Operating at a high frequency means: -
- you transfer a smaller energy more times per second = same power handling as a conventional transformer.
- you avoid core saturation associated with running at a lower frequency
Core saturation is related to the peak flux density of the core material. For a typical ferrite this is round about 0.35 teslas: -
For silicon steel (conventional transformers) this might be around 1.3 teslas: -
So, on the face of it, ferrite is worse than conventional silicon steel laminates because it saturates at a lower H-field. However, this isn't the full story. As the graphs indicate, magnetic flux density "maps" to H-field via the magnetic permeability of the core. The object of any inductor or transformer design is to avoid generating a peak H-field that might overly saturate the core.

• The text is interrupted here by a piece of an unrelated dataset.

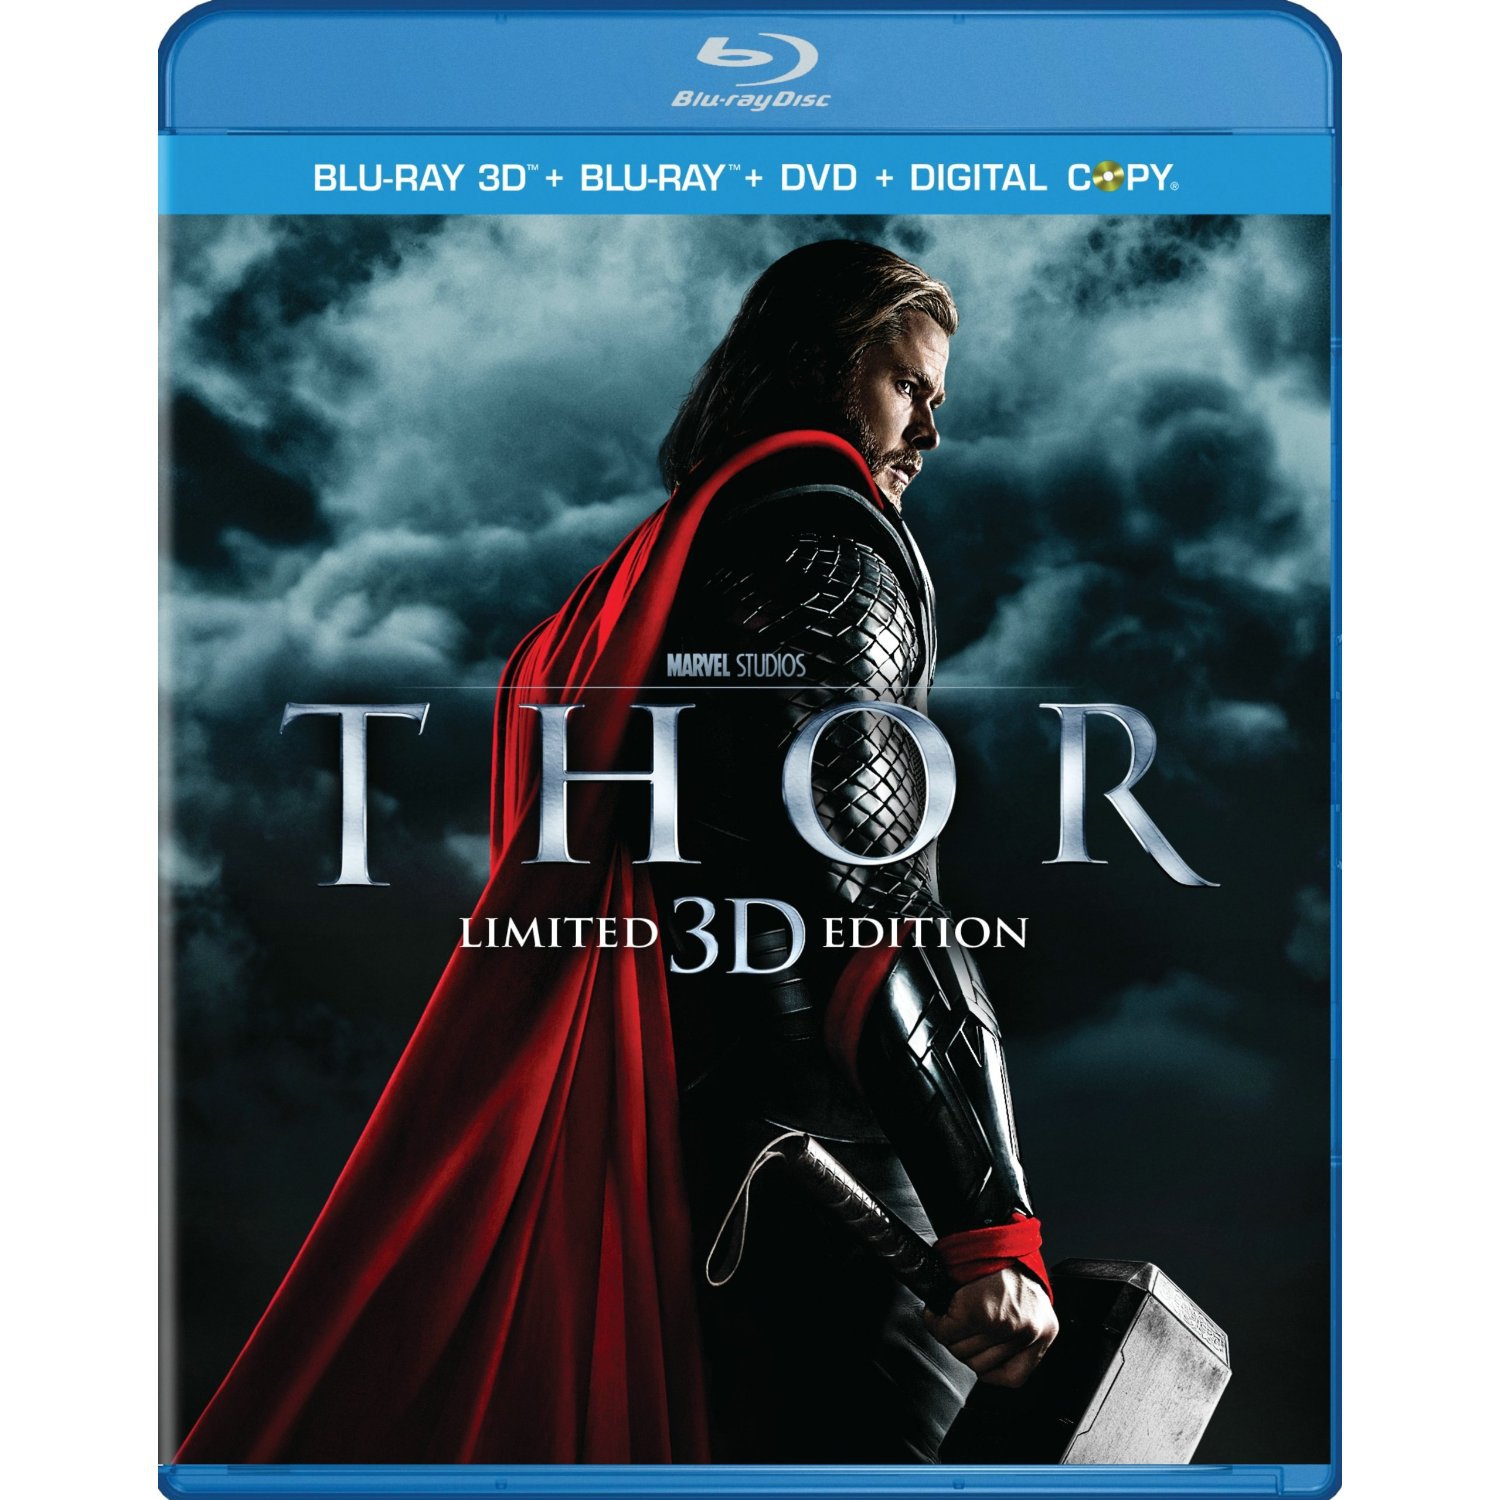 Thor: Limited 3D Edition

Given that the current in an inductor rises linearly with time (for a fixed applied voltage), you can't apply that DC voltage for a very long time or you'll produce a H-field that saturates the core too much. This is where operating at high frequencies benefits the modern power supply.
So, at a higher frequency, you can make the inductance proportionately smaller. This means you can have fewer turns (everything else being equal) and, with fewer turns, you get a proportionately smaller H-field.
This means a proportionately smaller inductor/transformer.
EDIT - Regarding the math of a simple flyback transformer, consider a primary inductance of 1 mH that every 10 us is held across a DC rail of 300 volts for 5 us (50:50 duty). In 5 us the inductor current rises linearly to 1.5 amps based on the formula V = L di/dt.
The energy stored becomes 1.125 mJ (\$LI^2/2\$) and this is transferred 100,000 times per second. That is a continual power transfer of 112.5 watts. If you looked at plenty of ferrite core specifications, you would probably find that to get 1 mH you would need about 30 turns and this means that the magneto motive force (ampere turns) would be 1.5 x 30 = 45.
A ferrite core should be able to cope with a H-field of about 400 ampere turns per metre and the "per metre" bit defines the core length - this means a core length of 45/400 metres or 113 mm, or, if a square shaped core is used, it will be about 28 mm x 28 mm along the centre line. Taking into account that the core has to have a decent cross sectional area, the outer dimensions might be 33 mm x 33 mm.
This is just an off-the-cuff worked example.